_Work item_
From the material below, return exactly the lines starting at the one that holds "LA SELVA, LOS" and ending at the one that holds "La diarrea está". Pictures stay out of the answer.

_Excerpted records_
BEGIN

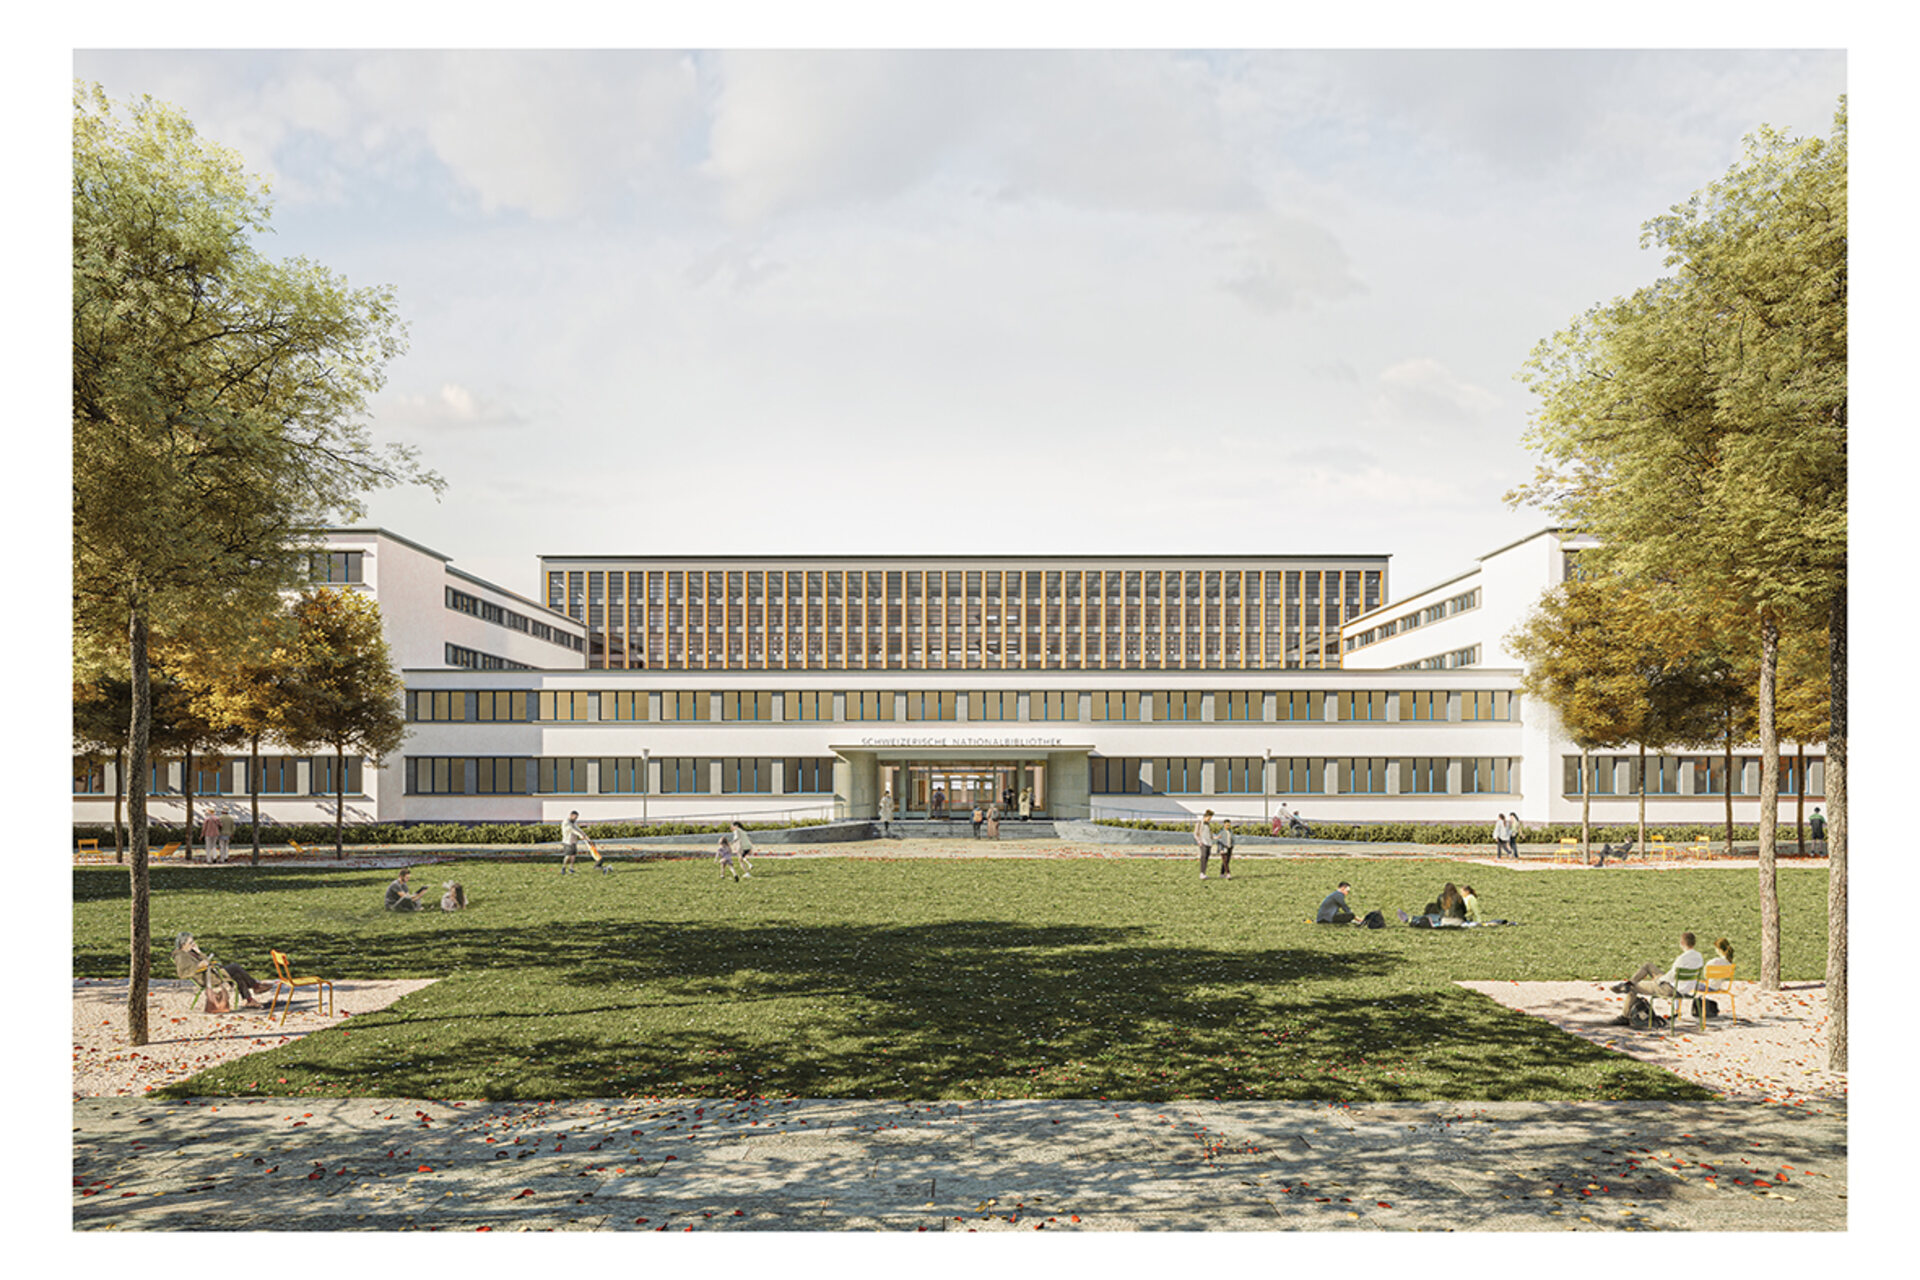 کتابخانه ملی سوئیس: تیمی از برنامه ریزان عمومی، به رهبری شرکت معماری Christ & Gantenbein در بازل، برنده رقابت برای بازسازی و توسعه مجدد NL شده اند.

END
BEGIN

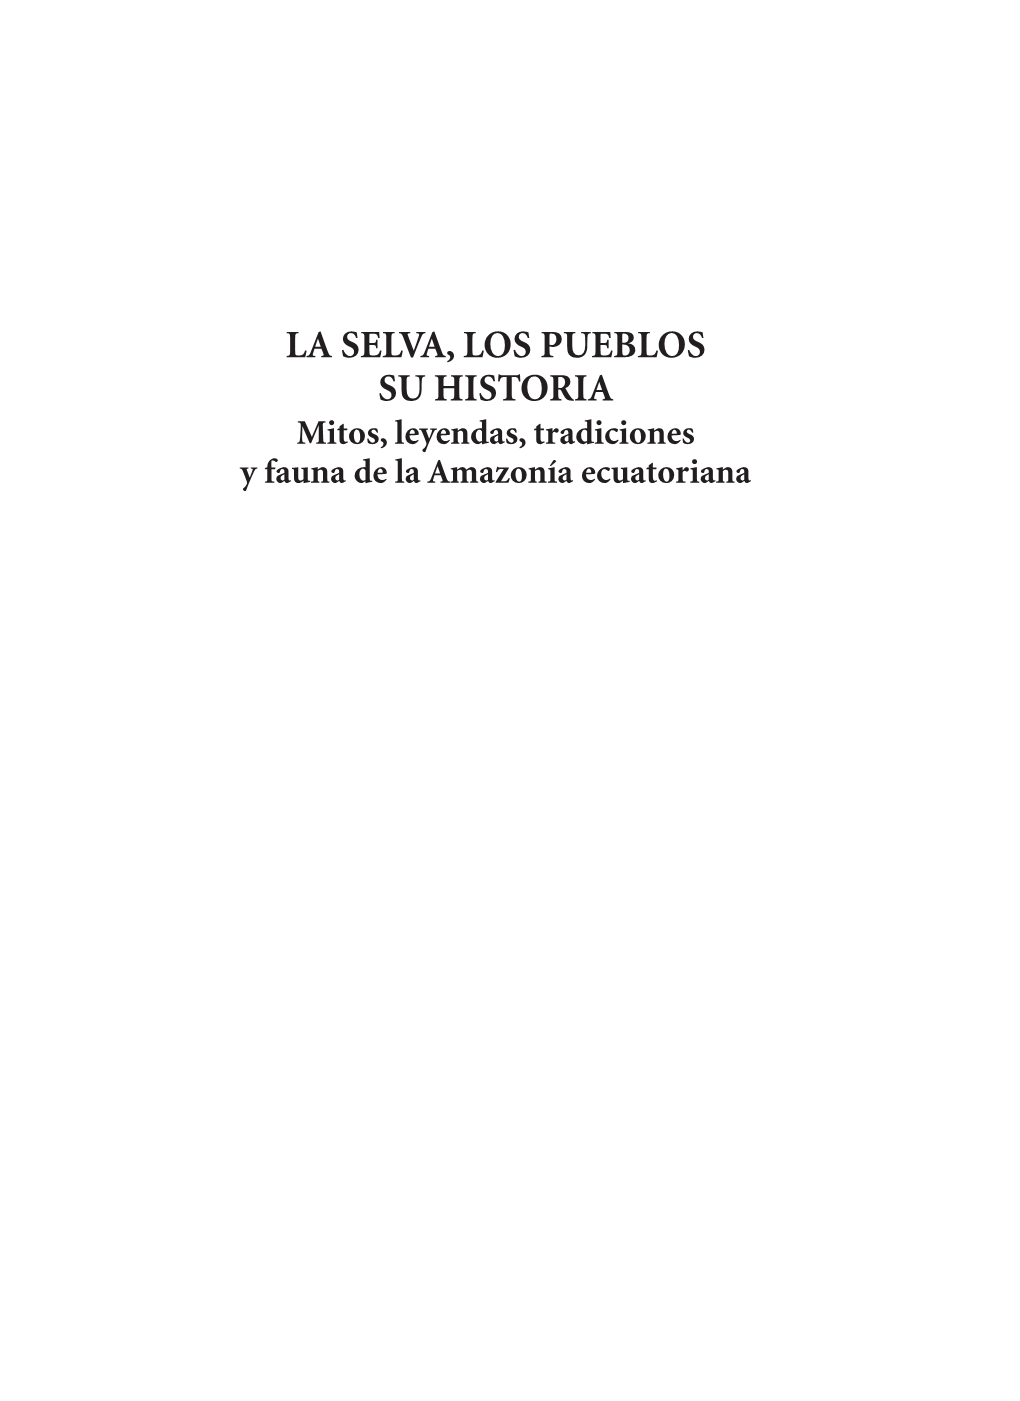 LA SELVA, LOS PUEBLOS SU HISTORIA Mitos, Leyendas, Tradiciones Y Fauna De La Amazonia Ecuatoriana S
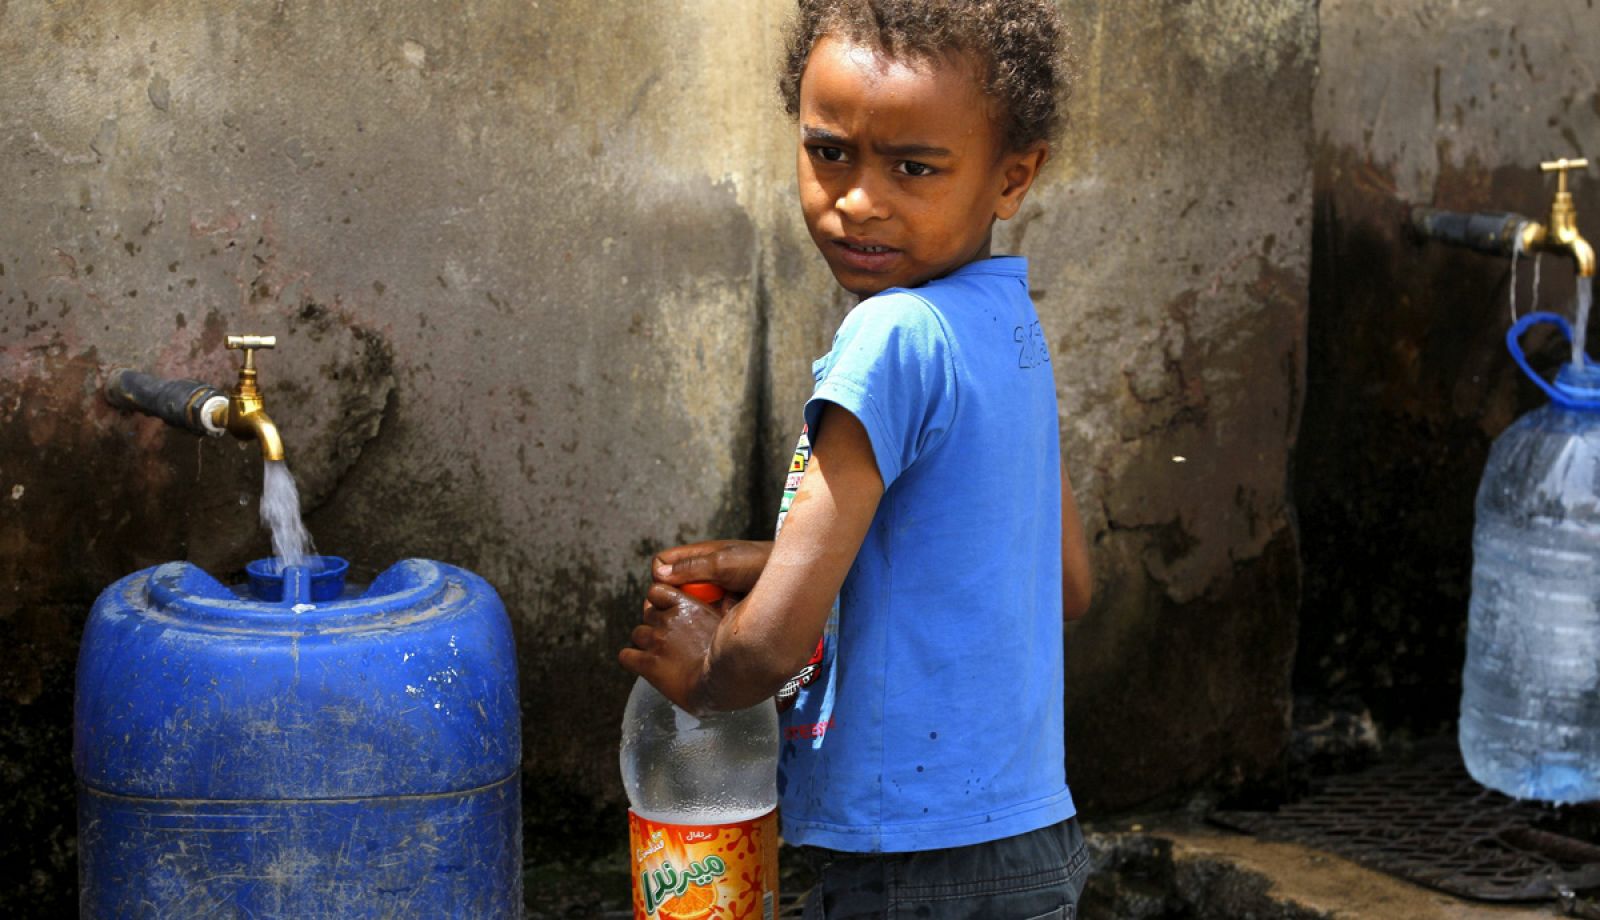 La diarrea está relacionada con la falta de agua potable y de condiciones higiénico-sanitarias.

END

_Response to this exercise_
 LA SELVA, LOS PUEBLOS SU HISTORIA Mitos, Leyendas, Tradiciones Y Fauna De La Amazonia Ecuatoriana S
 La diarrea está relacionada con la falta de agua potable y de condiciones higiénico-sanitarias.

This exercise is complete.